I've read and written poetry intermittently for over forty years. Had a staged reading of a play on Off Off Broadway. Been published in a few places, both print and online. I was just thinking that maybe I'm spending too much time on the computer, and then I started this blog. I'm nothing if not inconsistent.

Wednesday, May 31, 2006

The new Tilt is up

Rachel Mallino did a great job with the layout of the new Tilt, and the guy who reviewed the books didn't totally suck.

Tuesday, May 30, 2006

Dueling Poets

I have mixed feelings about QuickMuse as reported in Dinitia Smith's article
On Your Marks, Get Set, Poeticize: Dueling Poets on the Web in the NYT. Two poets were given fifteen minutes to write poems based on a statement by Elisabeth Bishop on the writing of poetry. First, such a prompt invites poetry about poetry, which Paul Muldoon did in an Animal Planet kind of way. Thylias Moss wanted us to know she had a headache and problems finding her favorite shows on cable TV. Ok, whatever.

I have mixed feelings for several reasons. First, I personally don't like to write to a prompt. I want to be inspired, but I don't wait around to be inspired: I read, I discuss, I think. I try to cultivate my mind for maximum inspirational receptivity. But my brain's not a Wal-Mart for poetic ideas.

The other thing I'm not comfortable with is the competitory nature of having two poets square off against each other. Yes, I know that competition exists even in the world of poetry, but such focused jousting doesn't appeal to my nature.

I disagree with Robert Pinsky: "You may not write your best, Pinsky said, "but you should be able to write something that is memorable." I don't have a problem with a poem being written quickly, but fifteen minutes seems a bit short to generate something truly memorable.

On the other side of the spectrum, Gary Snyder, whose poetry I wish didn't bore me as much as it does: "Being spontaneous doesn't interest me nearly as much as getting 'it' right — 'it' being the poem," he said. "I write slowly, come to conclusions slowly, and for better or worse I am just a slow poet." I'd say, perhaps for worse in Gary's case.
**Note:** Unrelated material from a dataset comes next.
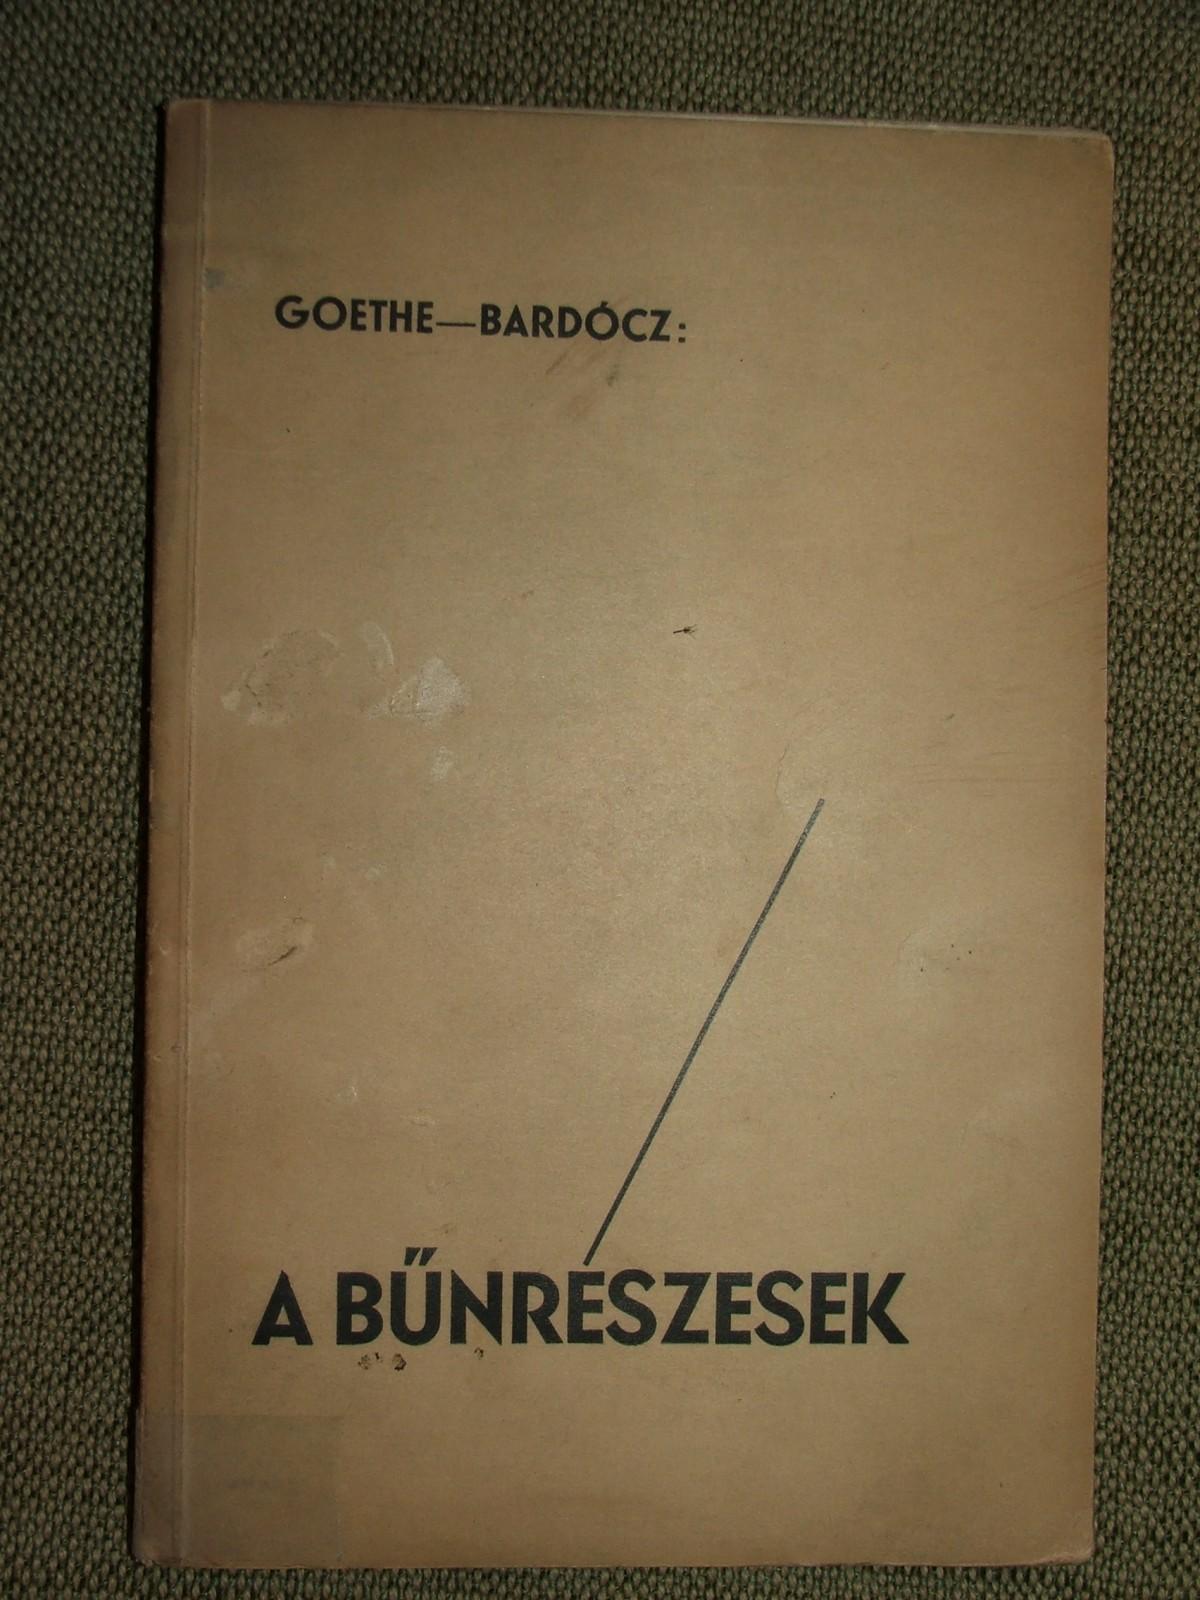 GOETHE, (Johann Wolfgang): A bűnrészesek

One of the features of the site is to have the poem's typing being replayed in actual time. And I thought dressage was boring!

Well, it's another one of those ideas that sounds somewhat intriguing in concept but fails to compel me in its execution.

Monday, May 15, 2006

Gone is a Member of the Community



Stanley Kunitz died yesterday, and so the deathwatch over the hundred-year-old poet can now come to an end. I have a couple books by Kunitz: one of selected poems; and the other translations of Akhmatova. I've enjoyed both, though a single poem doesn't jump out in my memory. Like William Stafford and Robert Lowell, he was a conscientious objector during WWII. Unlike them, he was the target of Anti-Semitism.

He seems to have lived more for poetry than by poetry, refusing tenure at the schools in which he taught; refused because he wanted to be a poet who taught instead of a professor who wrote poetry.

Kunitz said: "I think all artists, and especially poets, are forever in search of a community. It’s a solitary act, and you need a community of like-minded souls to survive and to flourish. So the search for a community is really a lifetime engagement."